Women Behaving Badly?
A Disorder Is Born
Behrendt and others point to the marketing of PMDD as being
just the latest example of this trend. The package insert for Sarafem cites a
definition of PMDD from the fourth edition of the Diagnostic and Statistical
Manual of Mental Disorders (DSM-IV), the psychiatrist's bible. According to the
manual, the essential features of PMDD are "symptoms such as markedly
depressed mood, marked anxiety, marked affective lability [mood swings], and
decreased interest in activities."
What the prescription information fails to mention, however, is
that PMDD is mentioned briefly in the main body of the manual as a
"depressive disorder." But the full entry on PMDD is included in an
appendix that lists conditions for which "there was insufficient
information to warrant inclusion of these proposals as official categories ...
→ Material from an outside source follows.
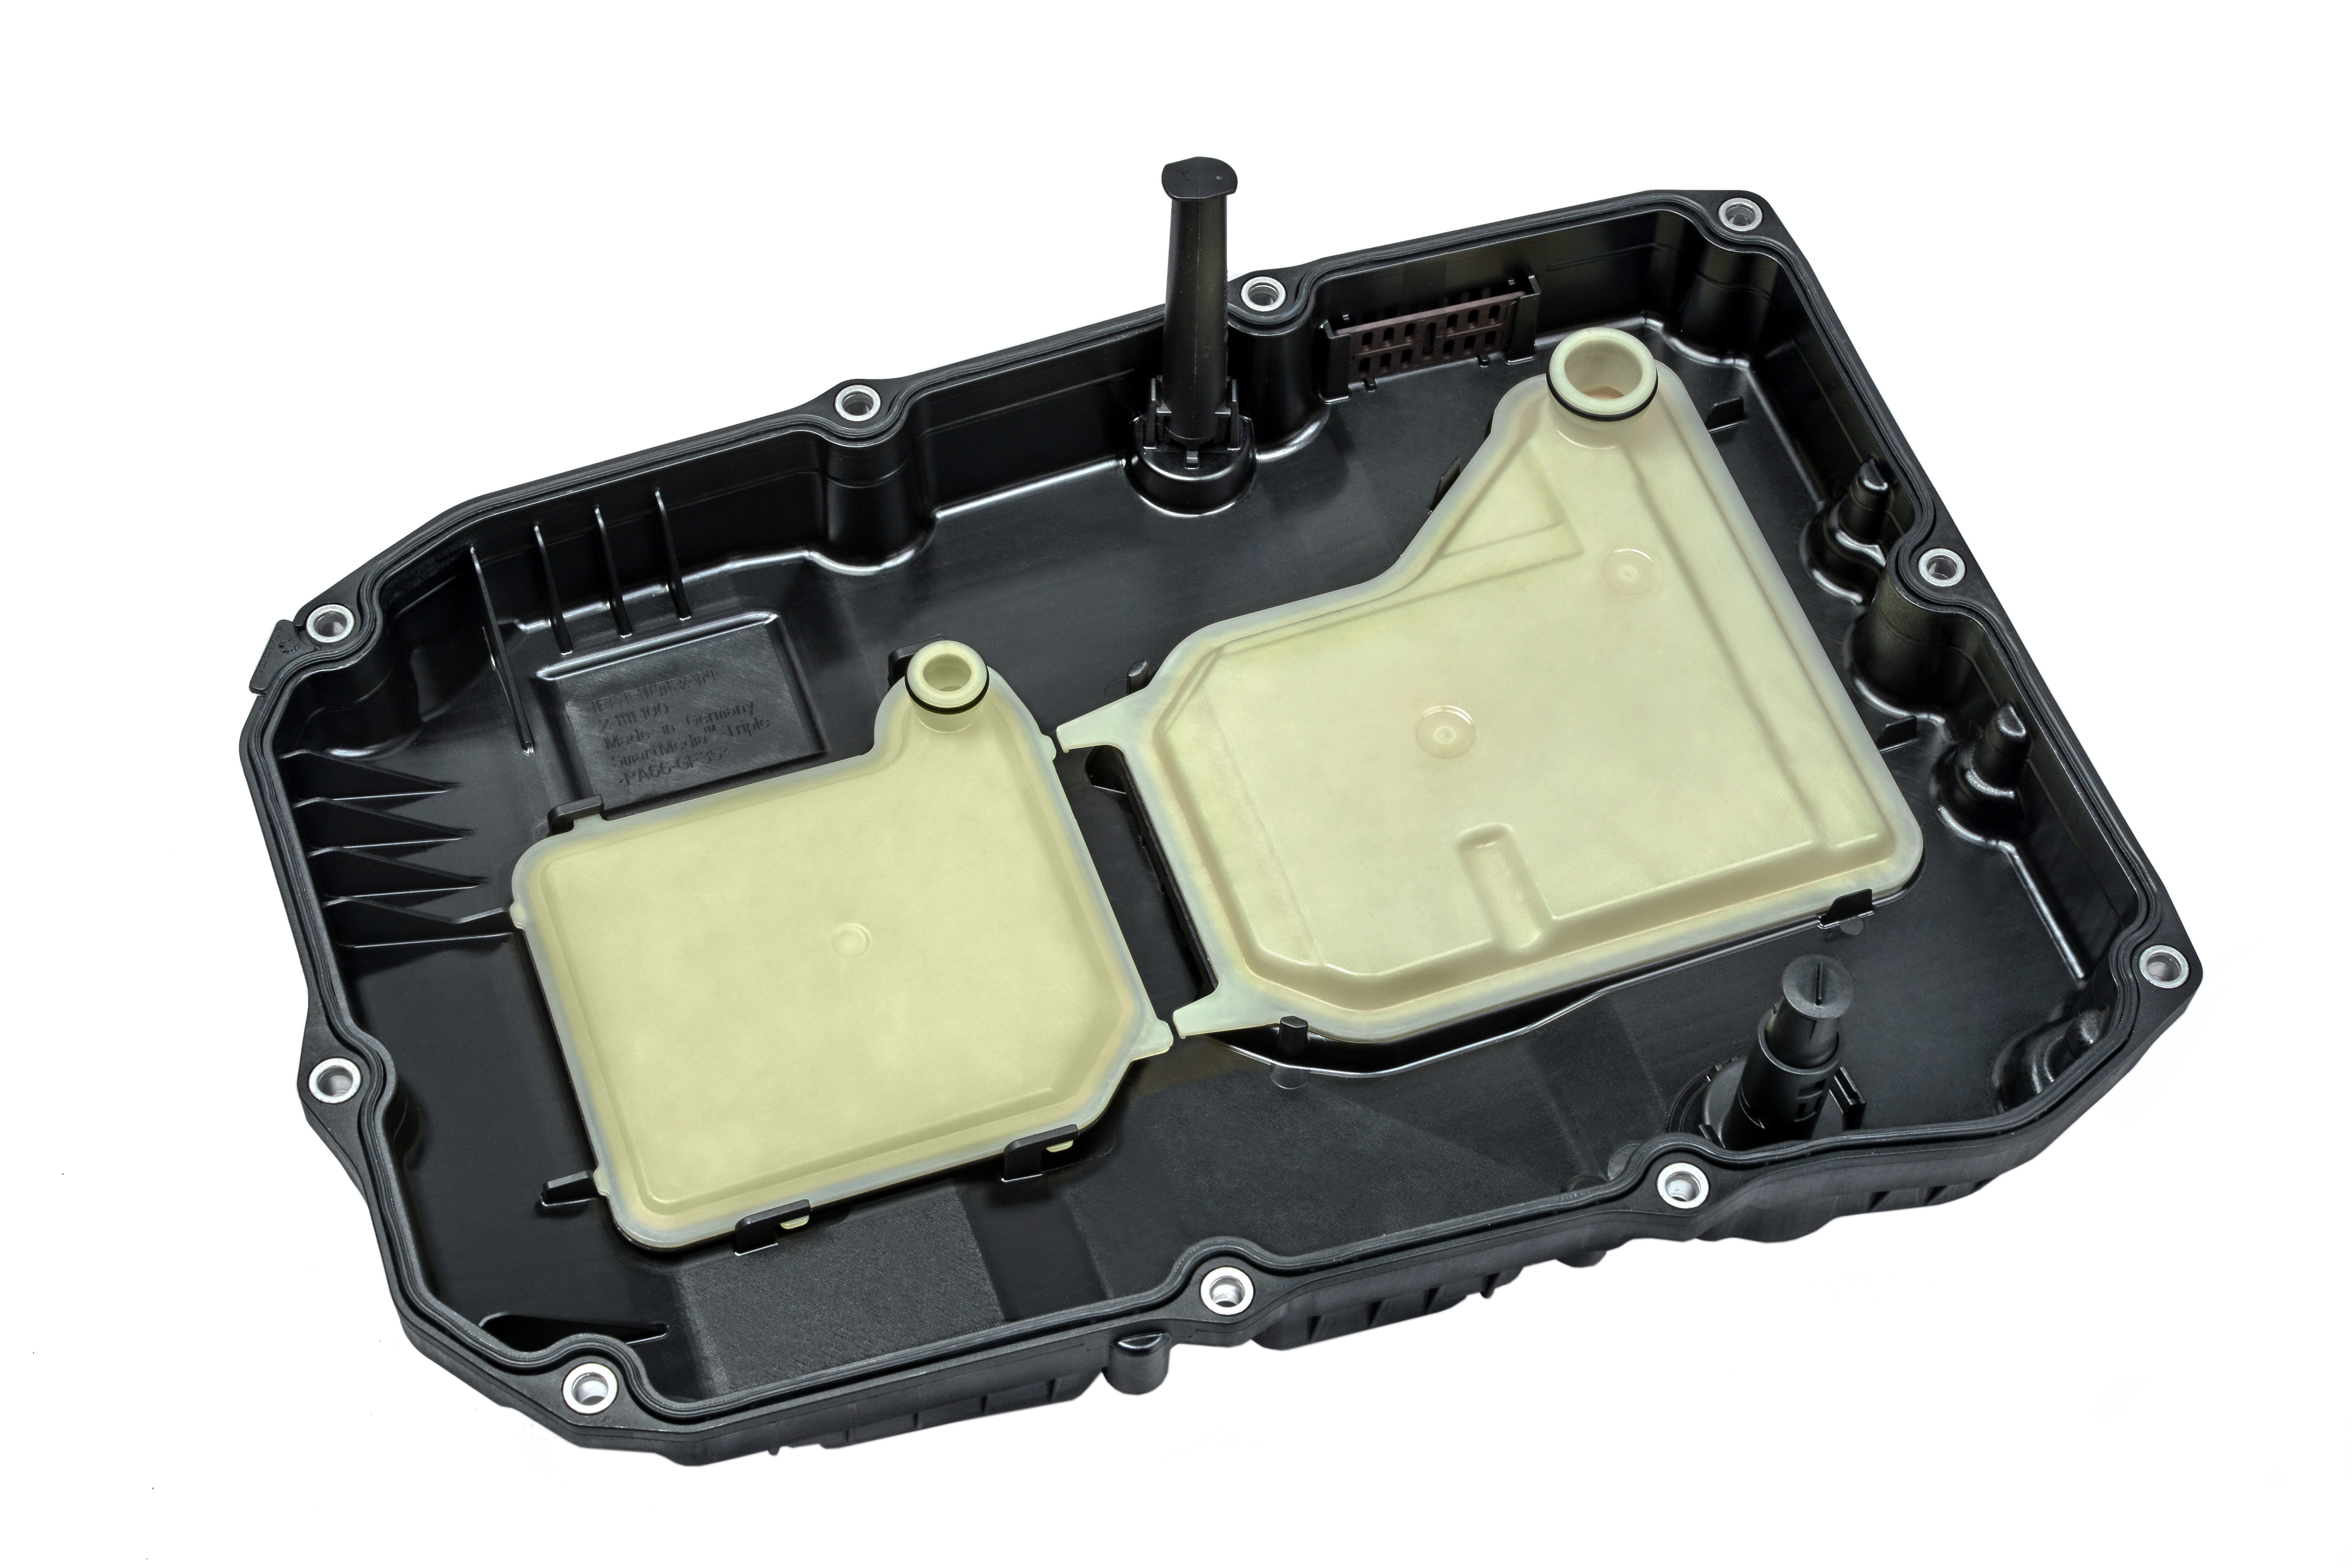 DuPont Performance Materials (DPM) and IBS Filtran demonstrate a new production-ready oil pan made of a high grade glass-fiber-reinforced material which is being used in Daimler’s state of the art nine-speed automatic transmission.

In other words, some critics charge, Sarafem is indicated for a
disorder that may or may not exist.
"I have concerns about [formalizing] a social tradition of
blaming women's behavior and bad moods on women's reproductive function,"
says Nada Stotland, MD, MPH, professor of psychiatry and obstetrics and
gynecology at Rush Medical College in Chicago, and a member of a task force
that determined DMS-IV diagnostic criteria.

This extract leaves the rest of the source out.